Audrey Pernell ’04 is a classical, pop, and theater voice teacher in Santiago, Chile. Here’s how she made it from Swarthmore to the Southern Hemisphere.

Early Days

After stints in the Philadelphia and New York theater worlds, Pernell was accepted by a couple of universities for graduate work in classical voice. However, she realized that opera was too narrow a niche for her.

New Directions

Instead, she went to massage school, figuring, “Any day job [I do] should teach me more about my instrument: the body.” Pernell spent the next four years studying and practicing massage and saving money for voice workshops abroad.

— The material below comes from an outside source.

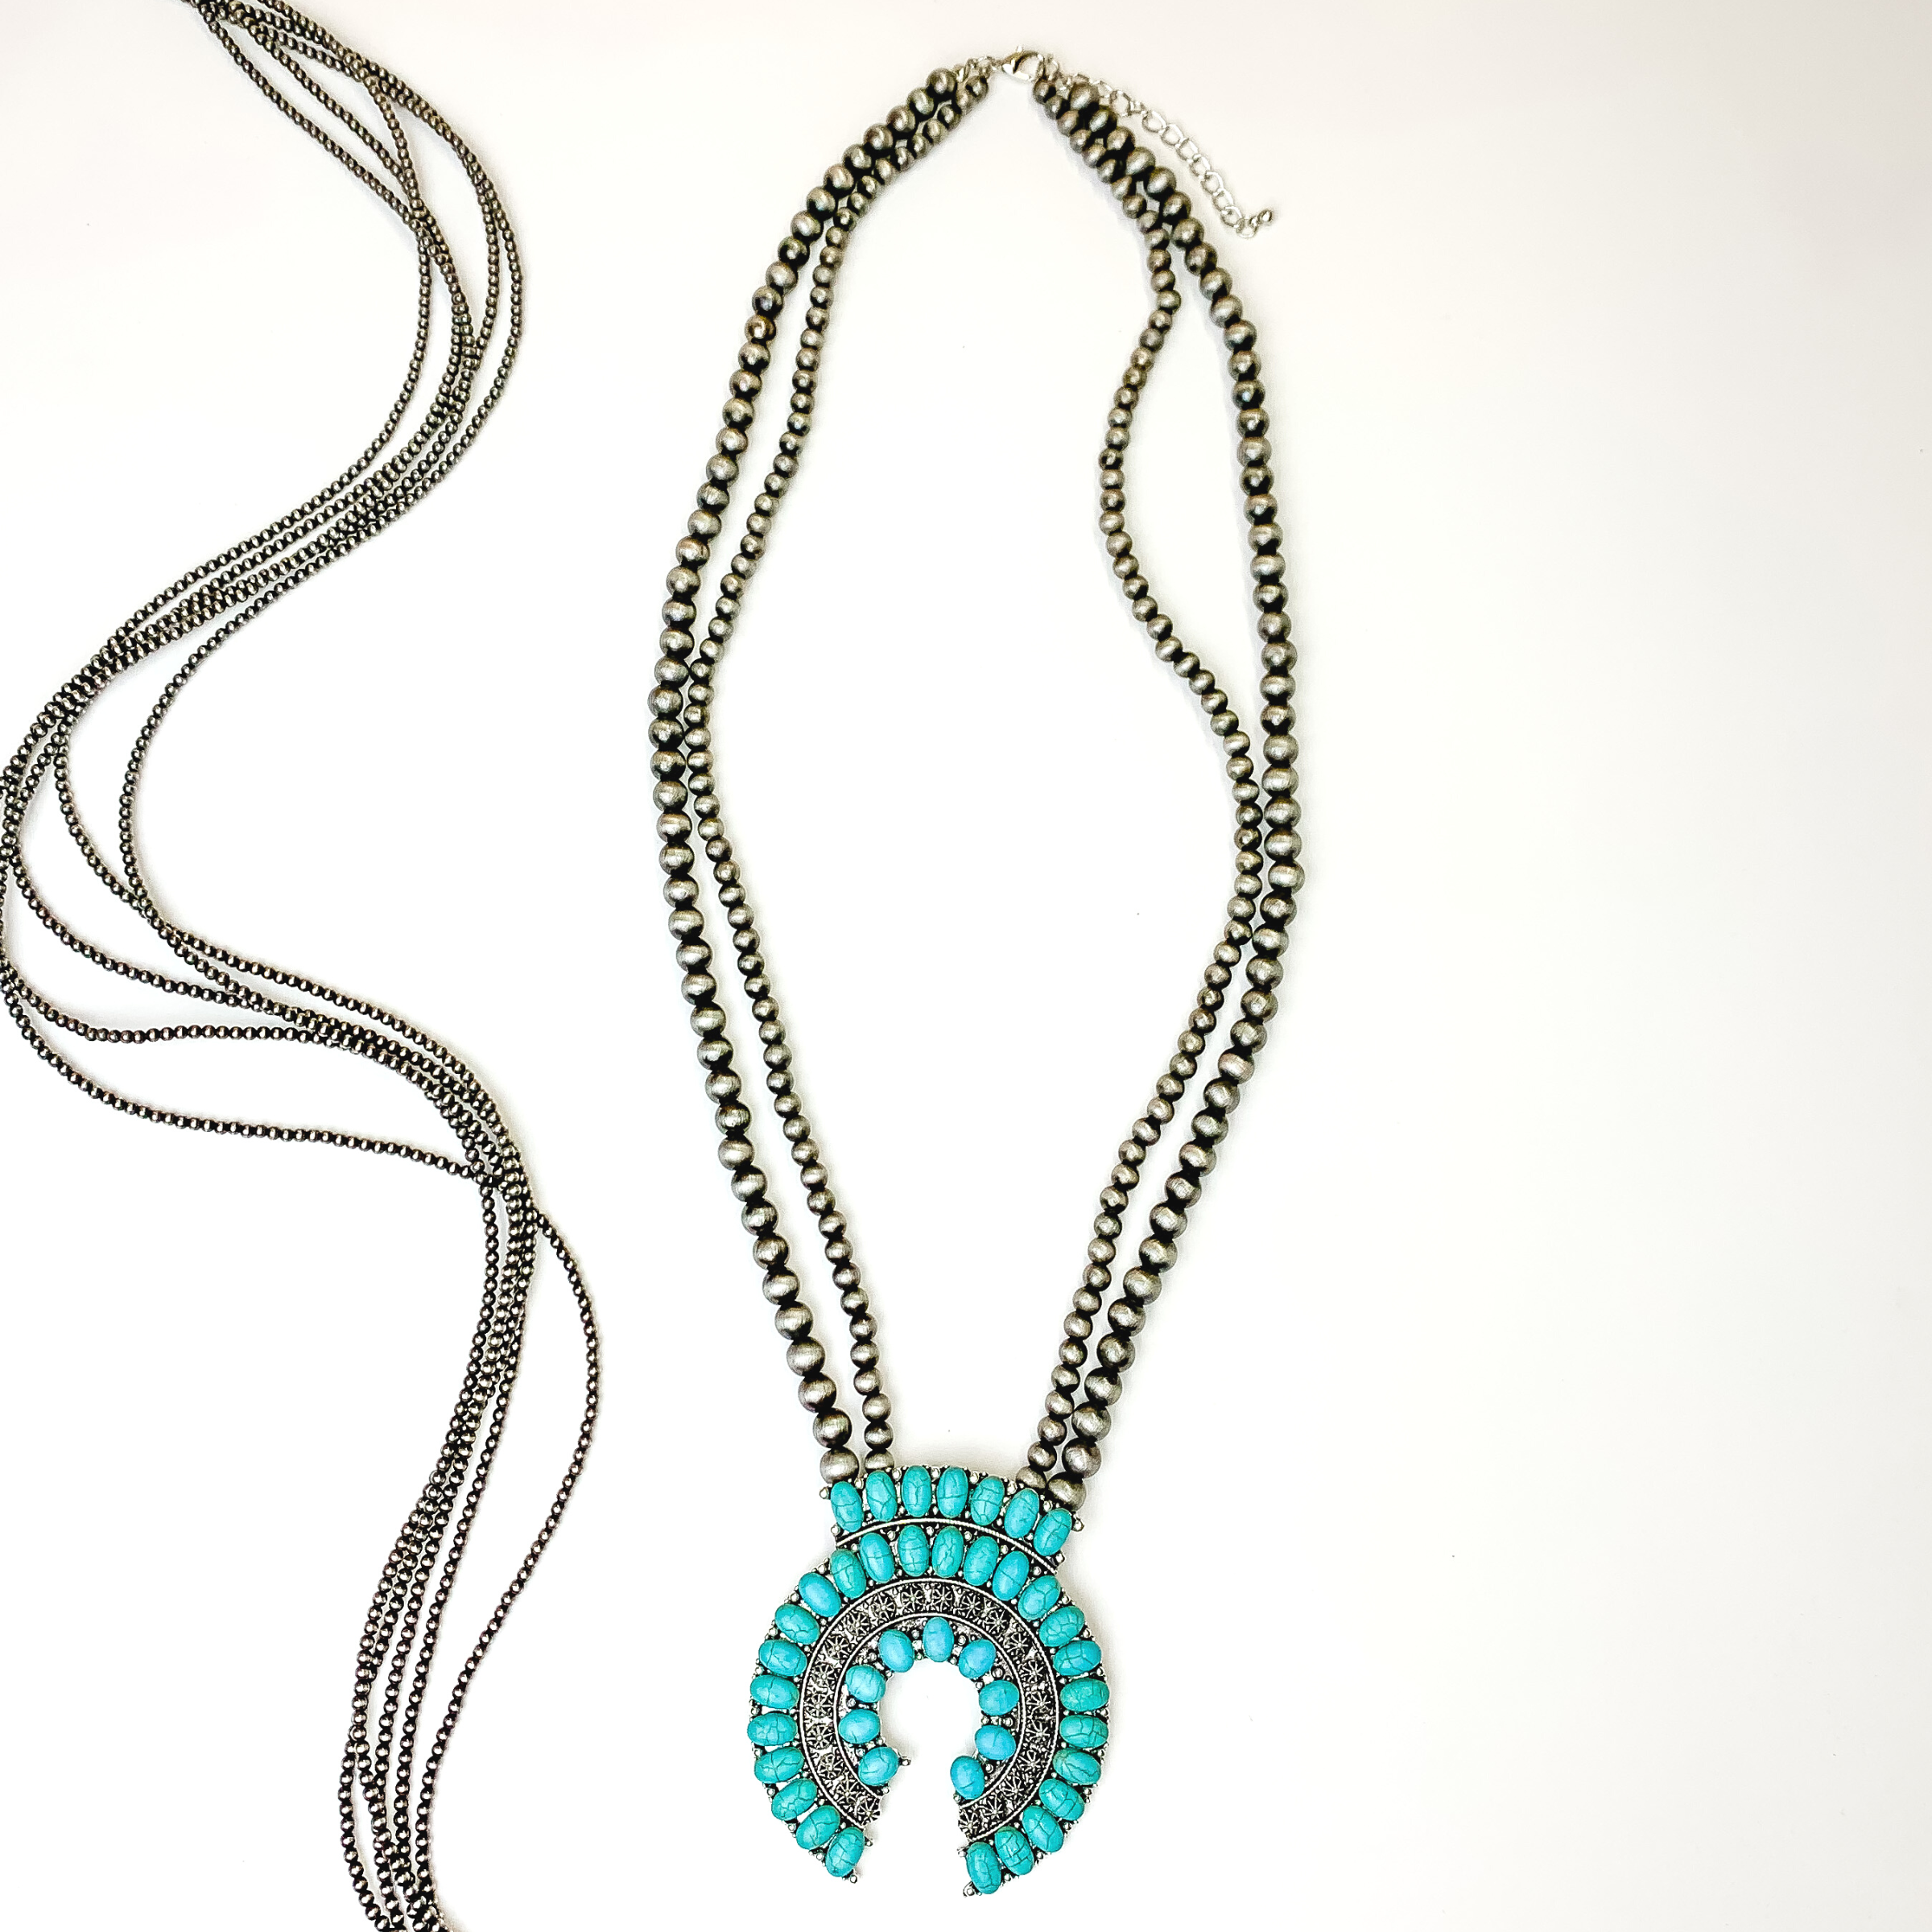 Oval Pendant Necklace with Turquoise Beading
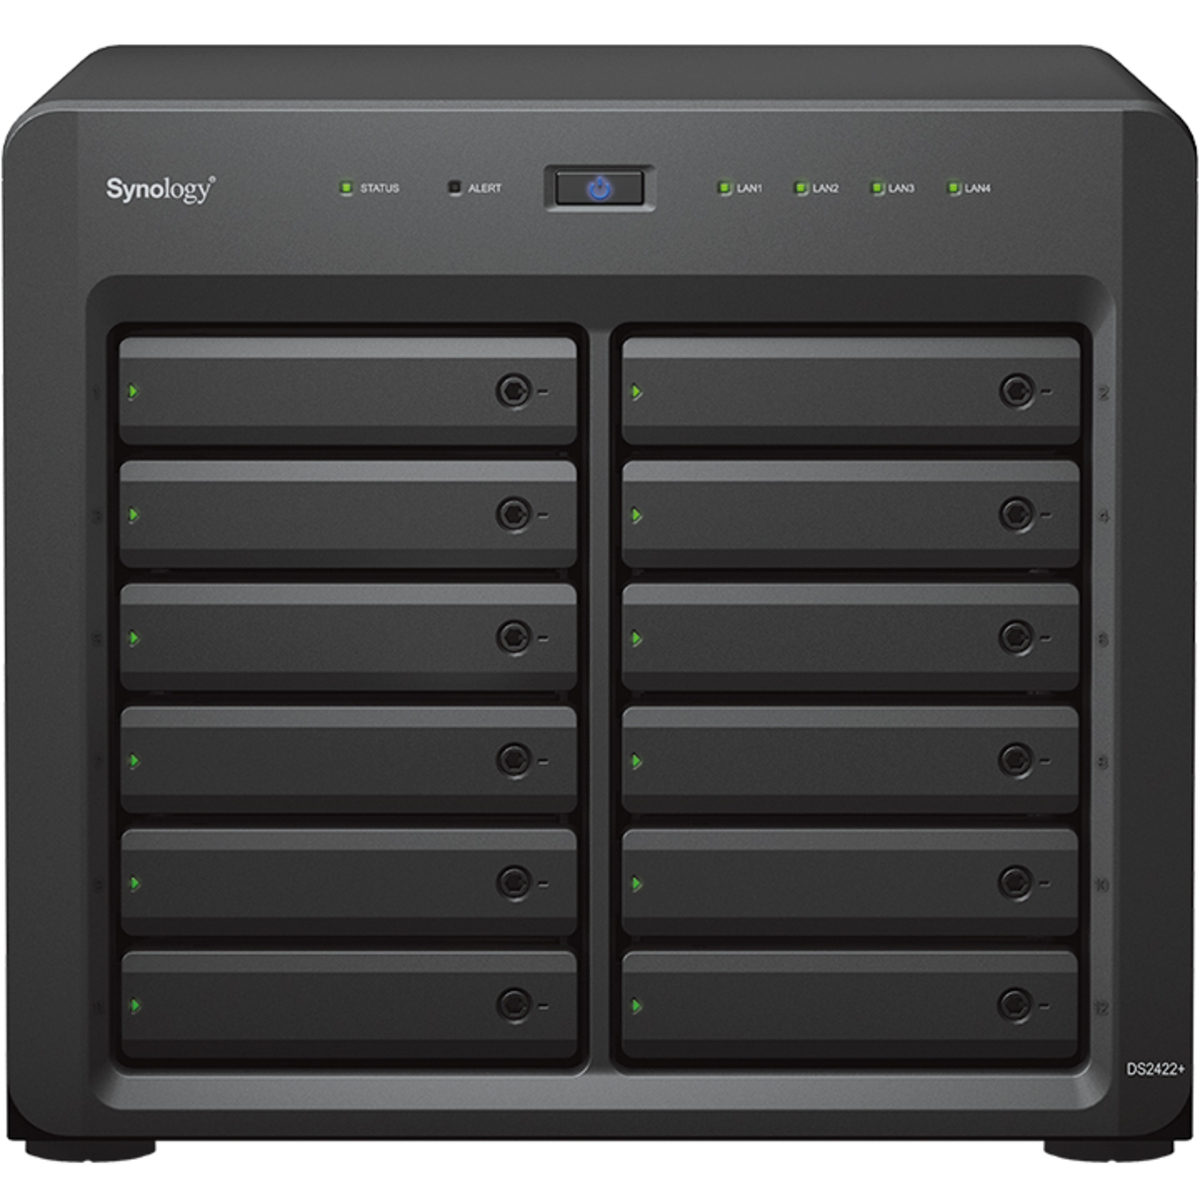 Synology DiskStation DS2422+ 5tb 12-Bay Desktop Multimedia / Power User / Business NAS - Network Attached Storage Device 10x500gb Crucial MX500 CT500MX500SSD1 2.5 560/510MB/s SATA 6Gb/s SSD CONSUMER Class Drives Installed - Burn-In Tested - FREE RAM UPGRADE DiskStation DS2422+

She also completed vinyasa yoga training to “start cultivating pedagogic skills and give my hands a break from all those massages!” 

Pivot Point

Four months before she began her self-designed voice performance and pedagogy degree from Antioch University, she met her future husband, Andrés Zará, a Chilean native, through an artistic collaboration.

Now

After completing her degree, Pernell moved to Chile and now teaches singing and vocal improvisation to actors, dancers, and singers and works at three universities and a private academy in Santiago. She is also in the final stages of completing her Roy Hart Theatre certification, inspired by former Swarthmore voice teacher Jonathan Hart Makwaia, who also has that prestigious accreditation. Pernell and her husband also run a studio, Rumbos Laboratorio Artístico Vocal, for their own artistic endeavors—including their experimental vocal quartet, La Tromba (The Whirlwind)—and voice lessons and workshops.